Второй путь такой: безусловно, не каждый человек может быть опекуном. Некоторым вообще надо исключить возможность, потому что человек не готов, нет опыта воспитания, его самого еще нужно воспитывать в каких то вопросах. Мы сталкивались с тем, что человек боится ездить, боясь, что ребенок привяжется к нему. Но ребенок живет все-таки не в безвоздушном пространстве, а в обществе, и не в деревне, где десять жителей, среди которых трудно найти опекуна. Мы живем в Петербурге, более того, мы живем в церкви, посещаем храмы, где очень много прихожан, которые являются учениками Иисуса Христа. Если ты любишь ребенка, и это не просто эпизод в твоей жизни, вроде сходить в кино, съездить на дачу, посетить университет и детский дом заодно, то можешь попробовать.

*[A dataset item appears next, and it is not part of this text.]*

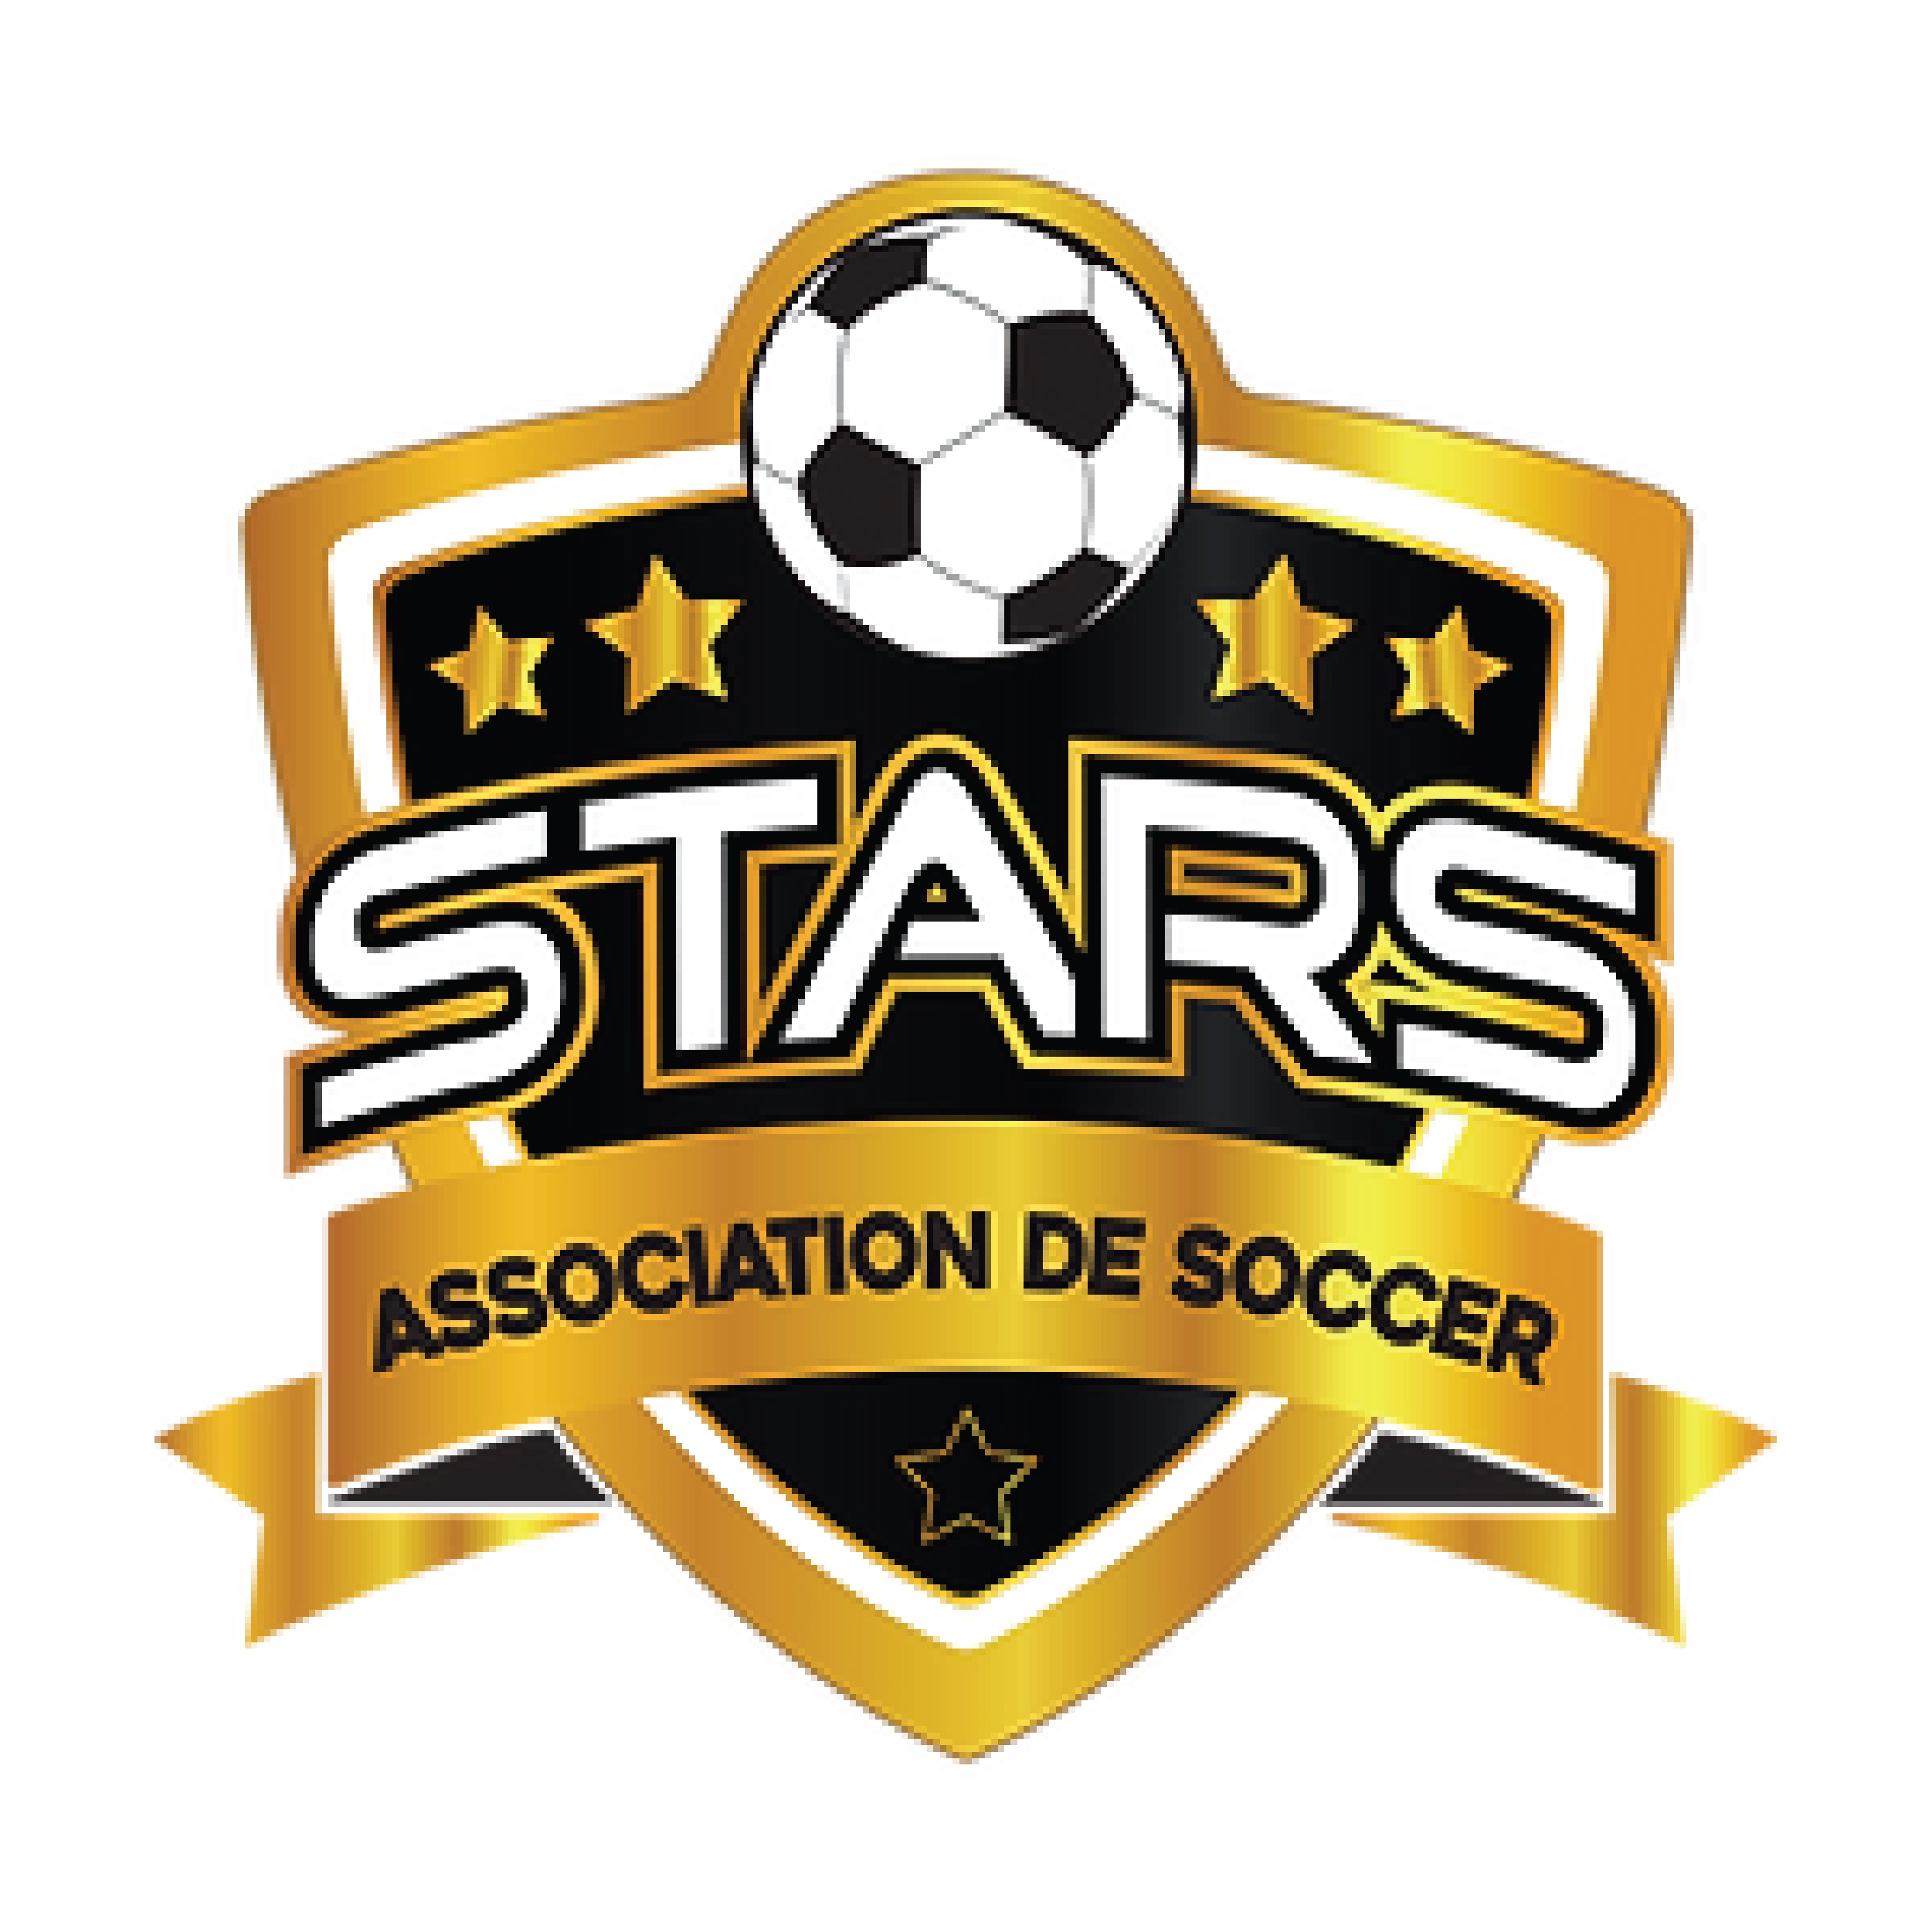 Association de soccer Stars

Но не обязательно себе забирать, можно поискать людей, ведь волонтеры привлекают волонтеров, а опекуны −опекунов.

В моей личной жизни был случай, когда я не мог забрать ребенка. Это было в Вырице, когда “Умиление” только создавалось, дом стоял свободный, не было еще там опекунов с детьми. Туда приехала группа детей из Мгинского интерната на каникулы, и среди них был ребенок, девочка, очень несчастная, лет семи. У нее с сердцем были большие проблемы − несколько операций позади. Они приехали на каникулы. Мы говорили о том, что девочку очень жалко, была уверенность в том, что сейчас самое время забрать ее из интерната. Разговаривая с координатором учреждения, которая очень любила эту девочку, я спросил, может ли она оформить опеку, а мы организуем здесь соответствующие условия, поддержку, вплоть до того, чтобы жить в этом доме с другими опекунами. Но у нее была сложная ситуация, и ответ был отрицательным. Отказ не должен стать для ребенка точкой в этом вопросе. Мы стали искать другого опекуна, исходя из христианского сознания.

Есть люди, которые хотят послужить Богу, в том числе помощью ребенку-инвалиду в воспитании и опеке. И сравнительно быстро нашелся человек, женщина, которая уже была в наших рядах волонтером и задумывалась об опекунстве, но не было какого-то конкретного ребенка, и она даже не видела эту девочку. Я перезвонил той женщине, координатору, чтобы уточнить данные девочки, чтобы можно было запускать процесс оформления опеки. Она попросила дать ей двадцать минут. По истечении этого времени она перезвонила и сказала: “Нет, я ее заберу”. Вот так.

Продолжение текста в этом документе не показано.